Future of AI and other Approaches
In the recent past, neural network-based AI has overtaken almost every other AI approach, and has come to represent the ultimate state-of-the-art in computing itself. Large resources allocated to AI R&D have resulted in the development of new AI paradigms in quick succession. This effort is by no means complete, and we are excited about the forms that AI models of tomorrow will take.
There are also some general open problems in the field of AI, which need addressing. First, the data-driven approach of neural networks comes with it becoming a “black box”, which means that there is a lack of clear causality between inputs and outputs. As models become complex and neural networks have a massive number of parameters (The GPT-3 model has 175 billion parameters), it becomes difficult to diagnose errors and biases. This issue is more apparent in general-purpose models than ones designed for specific purposes.
Another aspect to bear in mind is that as AI models become larger to become more powerful, they also require increasing amounts of power to train and deploy. In certain cases, like domain-specific models in materials discovery, AI makes the entire process more efficient. However, large general-purpose models have a large carbon footprint both during their training stage as well as their deployment.

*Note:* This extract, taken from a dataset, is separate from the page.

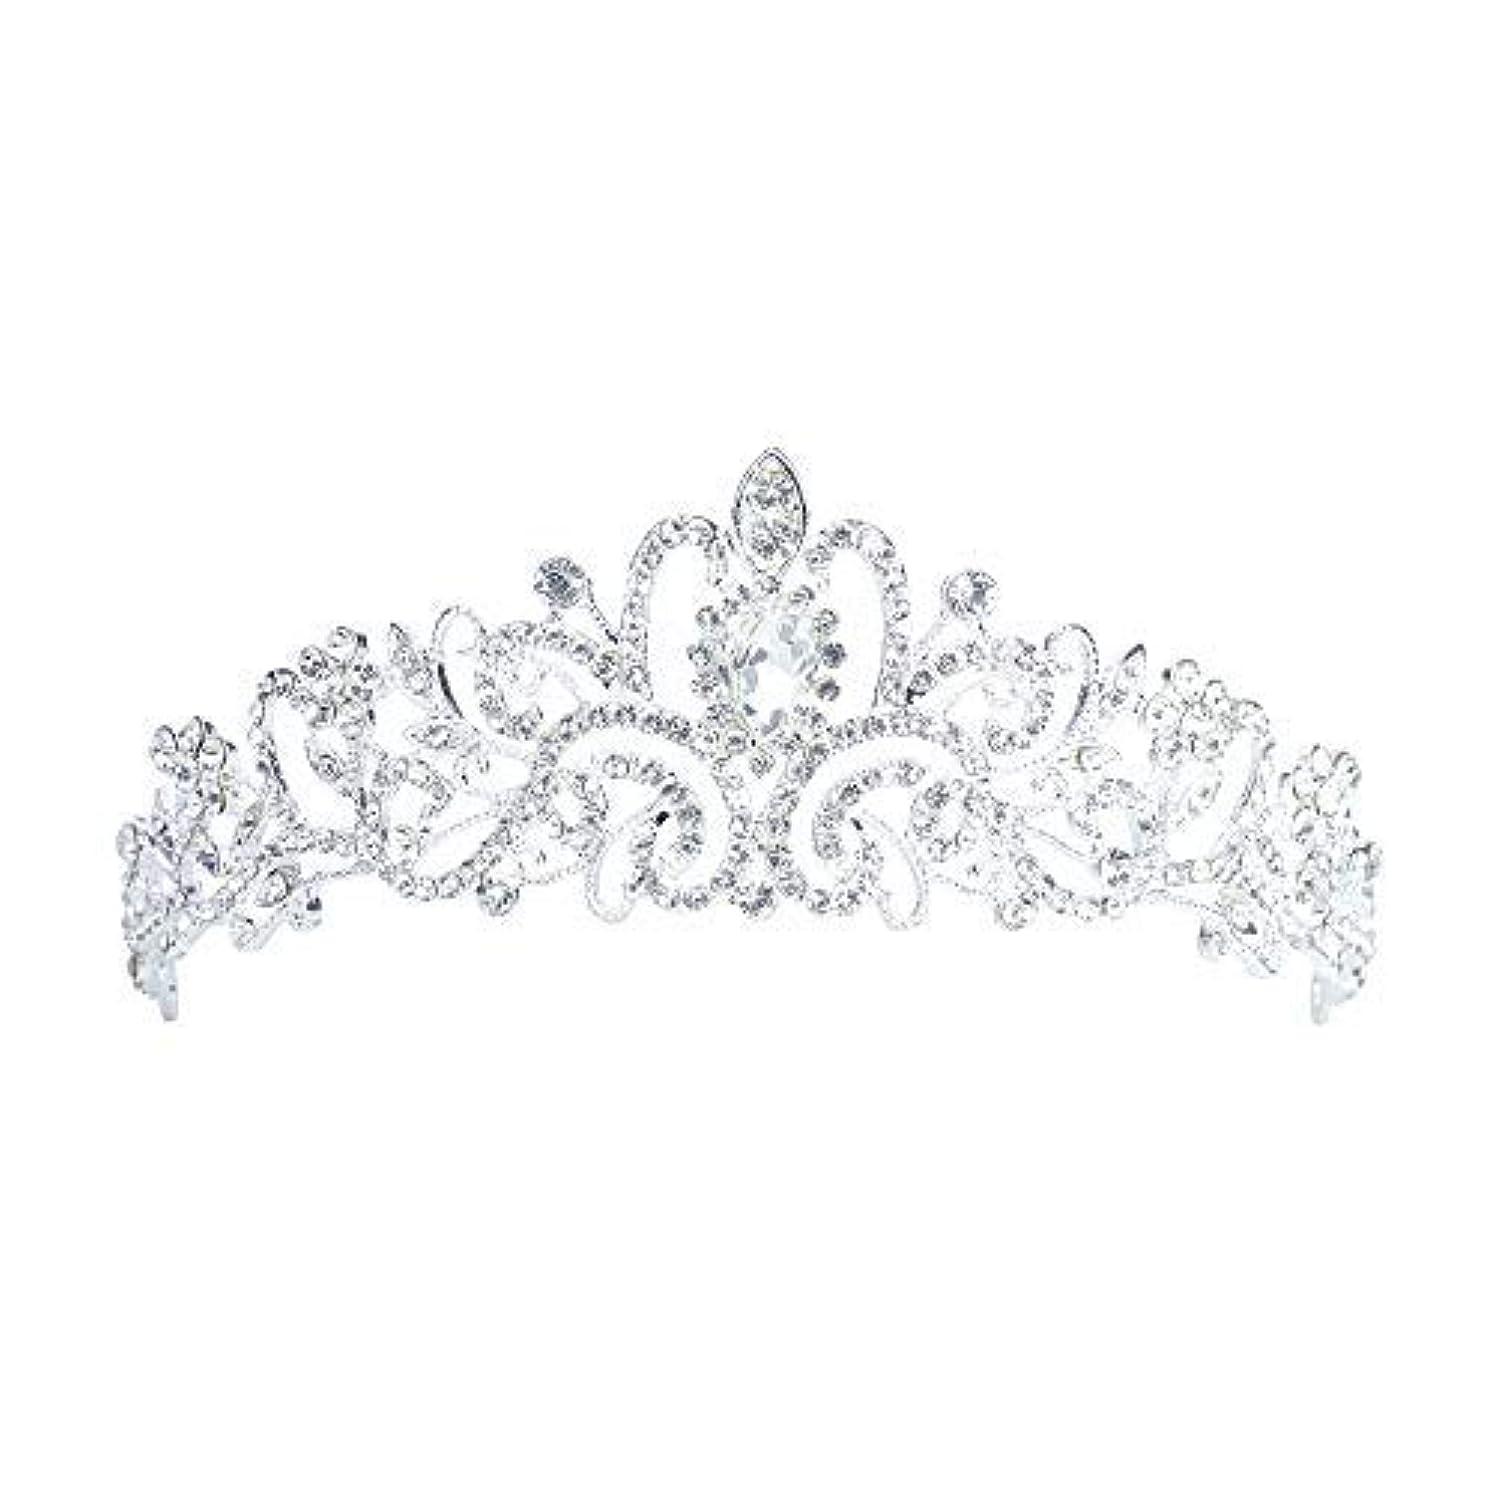 モンスターしなければならない通り抜けるLermity Hair Comb Crown Rhinestone Hairpins Bridal Wedding Hair Accessories Jewelry Austrian Crystals Hair Clips...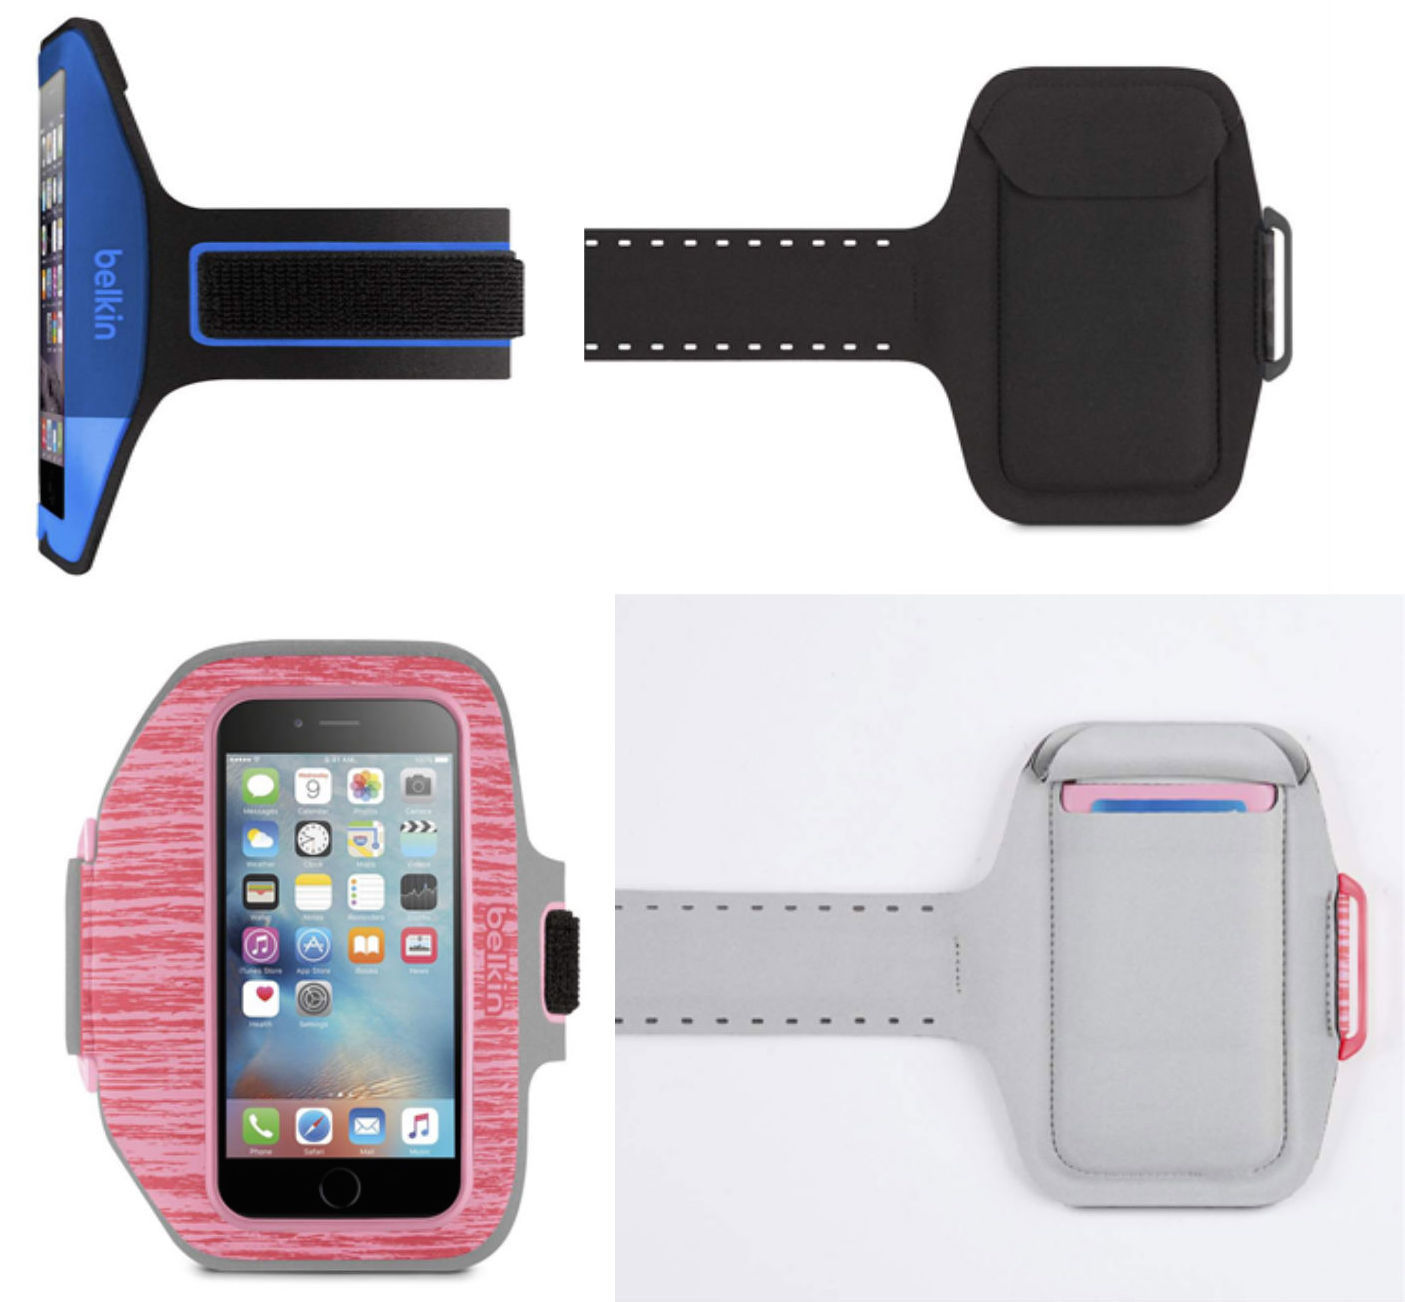 Обзор не гаджета. Выбираем лучший чехол для тренировок и другие аксессуары для смартфонов: повязки, сумки и силиконовый карман Adidas - 17

Quantum computing is in its nascent stages now, with the world’s largest quantum computers beginning to touch the 1000 quantum bit (or qubit) mark. While there are still many technological and scale-up challenges to be overcome, quantum computers hold immense promise to revolutionize finance, machine learning and materials science. Further, by nature of the immense speedup they provide for linear algebra tasks, they would also go a long way in reducing the carbon footprint of modern AI.
For many years now, we have studied and backed a number of deep science innovations, and have enjoyed the fruitful journey ensuing from it. The incorporation of advanced computation and in particular AI-based methods to these deep science and deeptech fields promises to take these innovations to the next level. Further, it will entail a different kind of competitive landscape as well as accelerated timelines for product development and improvement. A rapid pace is being set, making the deeptech space a far more interesting one!
While there are concerns about AI and AI-based automation threatening the current role of knowledge workers, this is not the case in deep science and deeptech. AI will augment, not disrupt these fields, and we are very excited to see this play out.